A second cinema has been created in the basement, along with a new foyer featuring contemporary architecture, with metallic walls that echo the undulating effect of the stage curtains. The renovated spaces now also house a consultation room for the Cinémathèque archives, a shop, a small specialist bookshop, a café-bar and even a lift.

Buache and Schnegg rooms

The great historic hall, still as imposing as it is elegant, has been given back its original carpet colour, a blue that somehow reflects the sky blue of the ceiling. This room with balcony now bears the name of the legendary director and pioneer of the Cinémathèque suisse, Freddy Buache. It can hold 736 people.

Named after Lucienne Schnegg, the new room can hold 140 people. It will enable the Cinémathèque suisse to develop and diversify its activities, in particular by allowing films to be screened for longer and two different films to be shown in the two cinemas. The number of screenings will therefore clearly increase and exceed the Cinémathèque's current three daily screenings in Montbenon.
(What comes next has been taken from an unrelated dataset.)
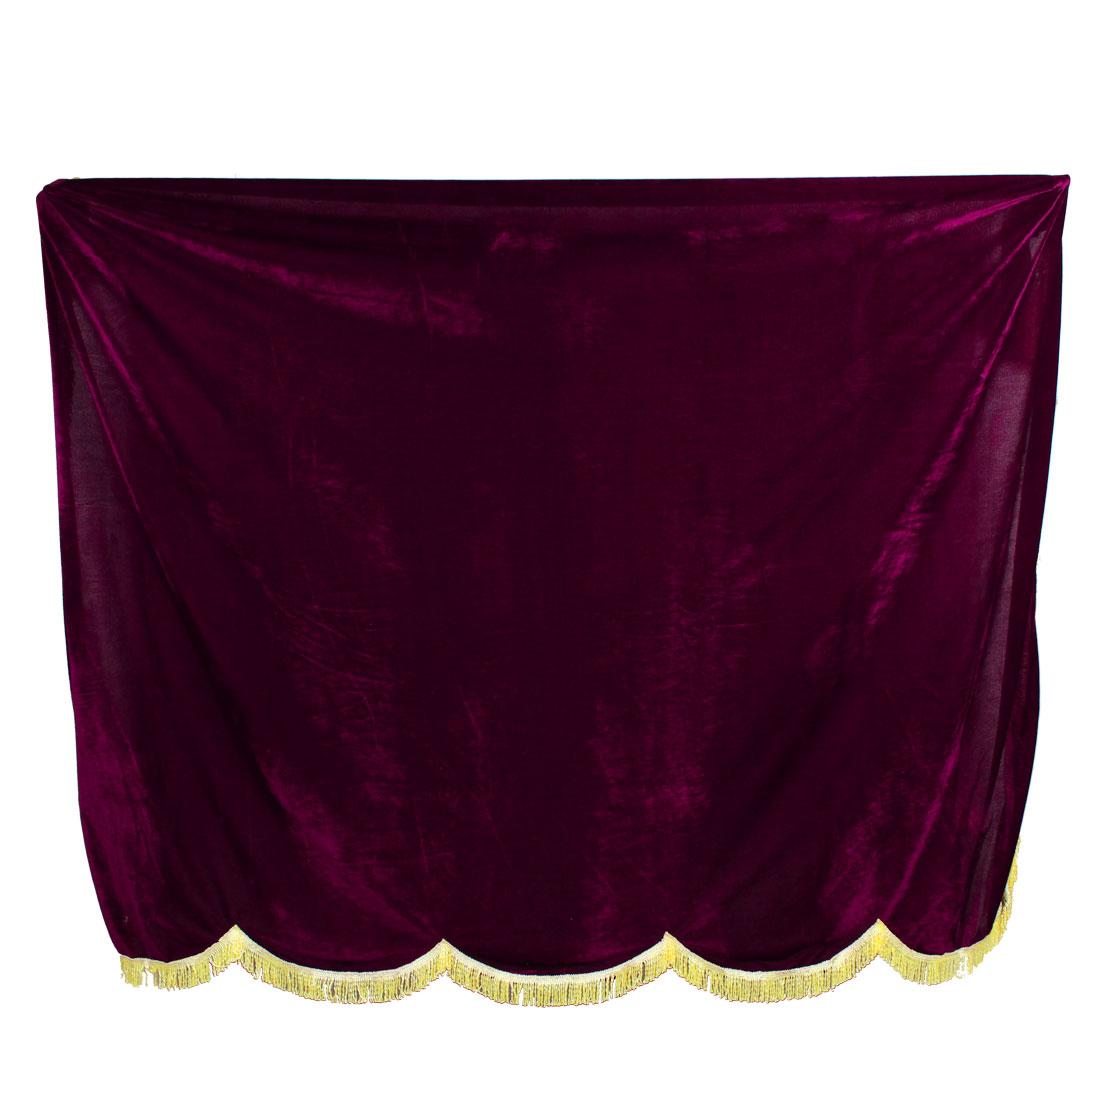 Tassels Trim Velet Overlay Piano Full Cover Dark Burgundy 1.53mx1.48m

The two projection booths are equipped for 4K digital and analogue projection, enabling films to be shown on 16mm, 35mm and 70mm film, a format that is making a comeback in the Capitole's main auditorium. It is the only cinema in the country equipped for 70mm and one of the only ones in Europe.

“We now have a place to showcase and promote cinematographic works worthy of a Cinémathèque. It's our new temple, showcase, museum,” enthused Frédéric Maire.
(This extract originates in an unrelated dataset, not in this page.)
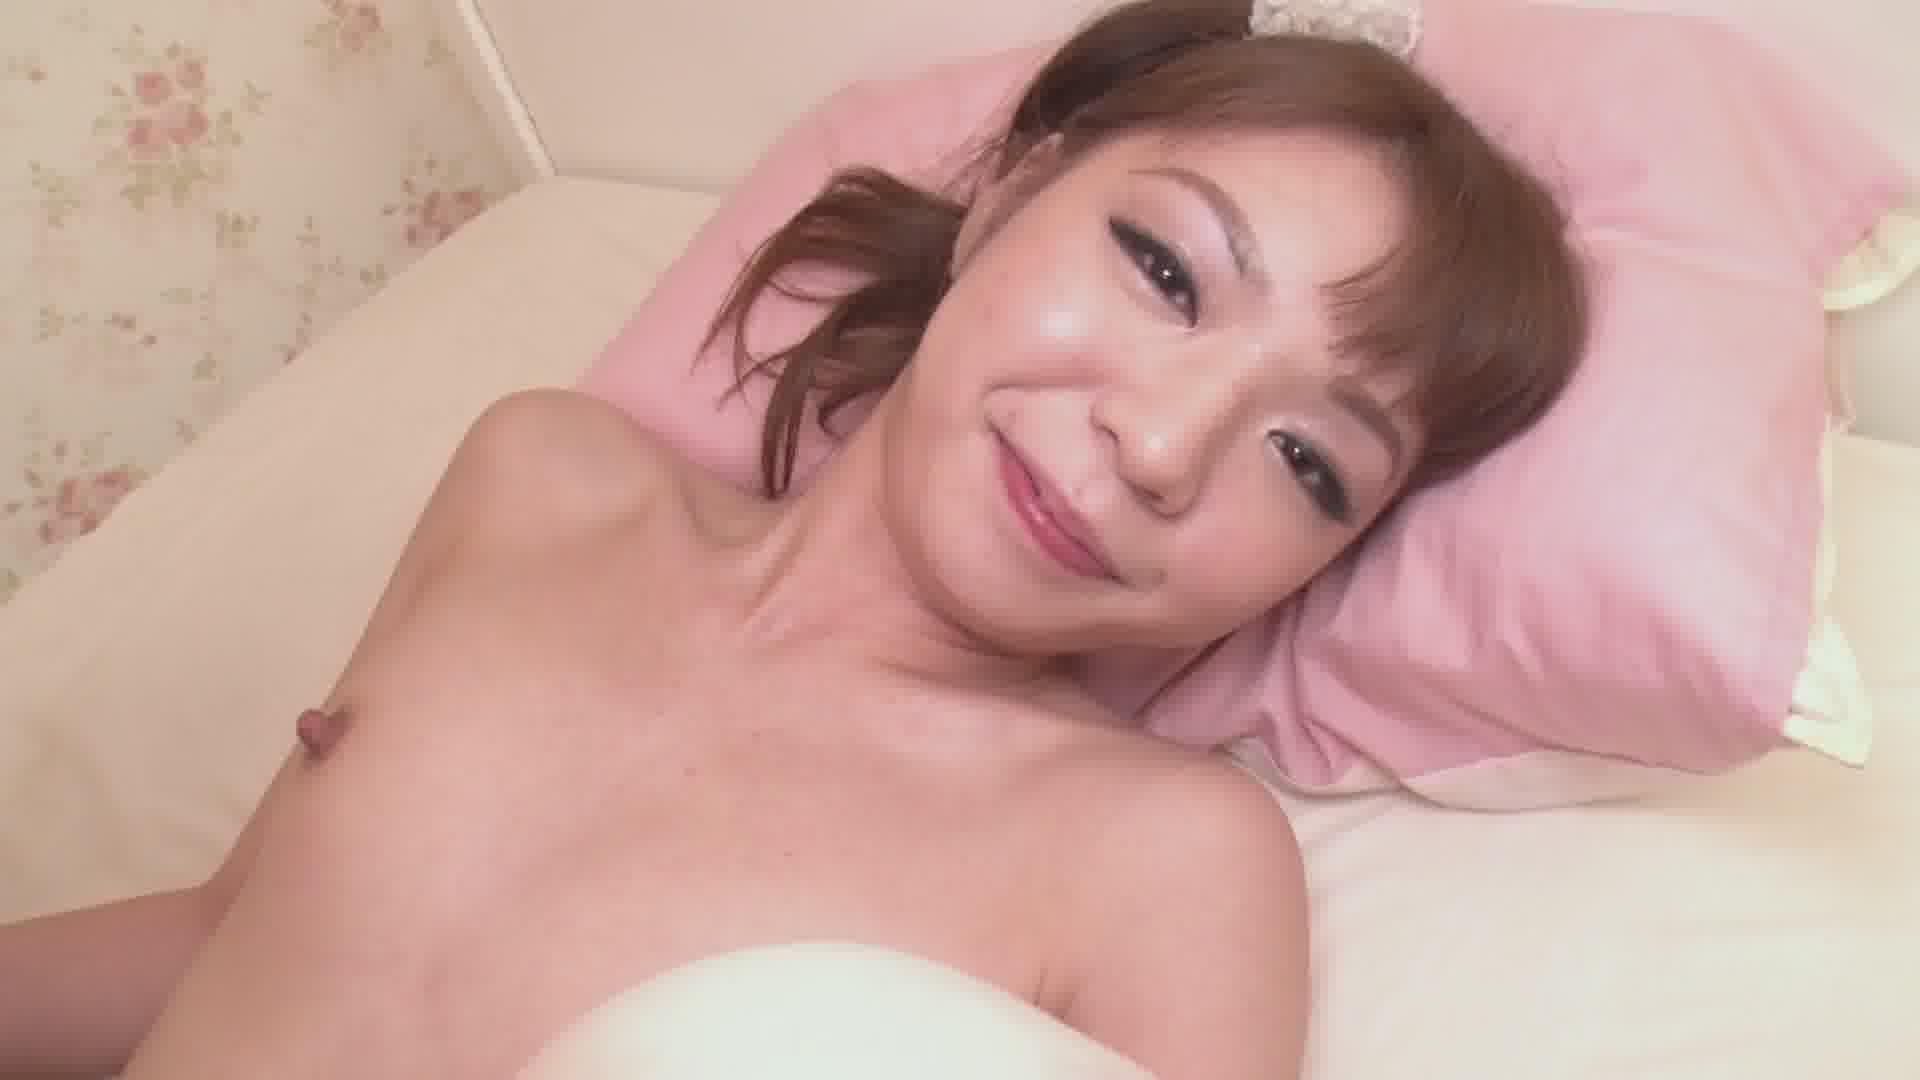 お客を食い物にするガールズバーの女の子 - 栄倉彩【パイパン・スレンダー・中出し】

A major inauguration celebration is planned for February 24 and 25, with two open days featuring tours of the premises and screenings, including, on Saturday evening, Stanley Kubrick's 2001: A Space Odyssey, in a 70 mm version, a new copy of the original. On Sunday evening, there's plenty of laughs in the form of Yves Robert's comedy Le Grand Blond avec une chaussure noire (The Tall Blond Man with One Black Shoe) starring Pierre Richard.
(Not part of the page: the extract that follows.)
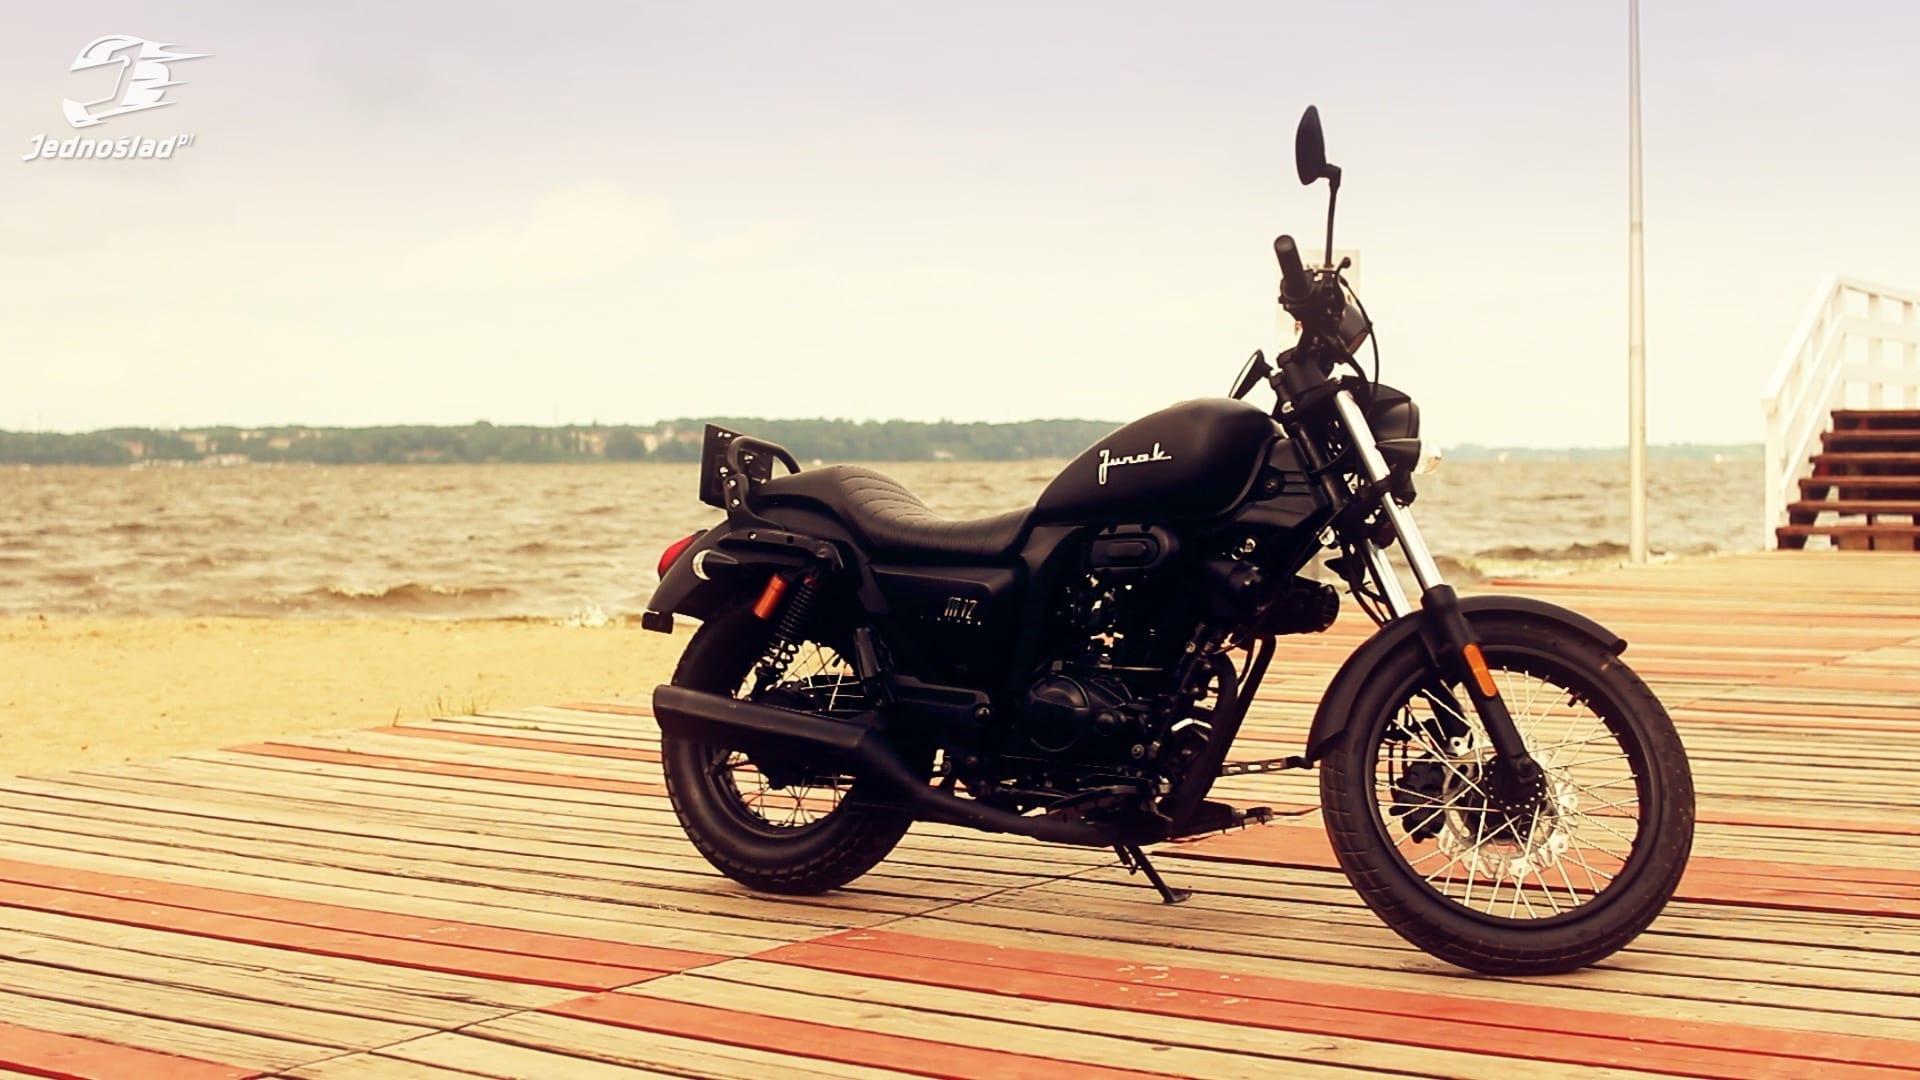 Motocykl: Nowy czy używany? Czy warto kupić Junaka M12 125 Vintage

The opening weekend will be followed by the 7th Rencontres 7e Art Lausanne (March 7-17). The director of the Cinémathèque has also already announced the programme for March and April, which includes two retrospectives, one of American director Spike Lee and the other of Chinese director Jia Zhang-ke. There will also be a tribute to the Zurich production company Praesens-Film, which is celebrating its 100th anniversary.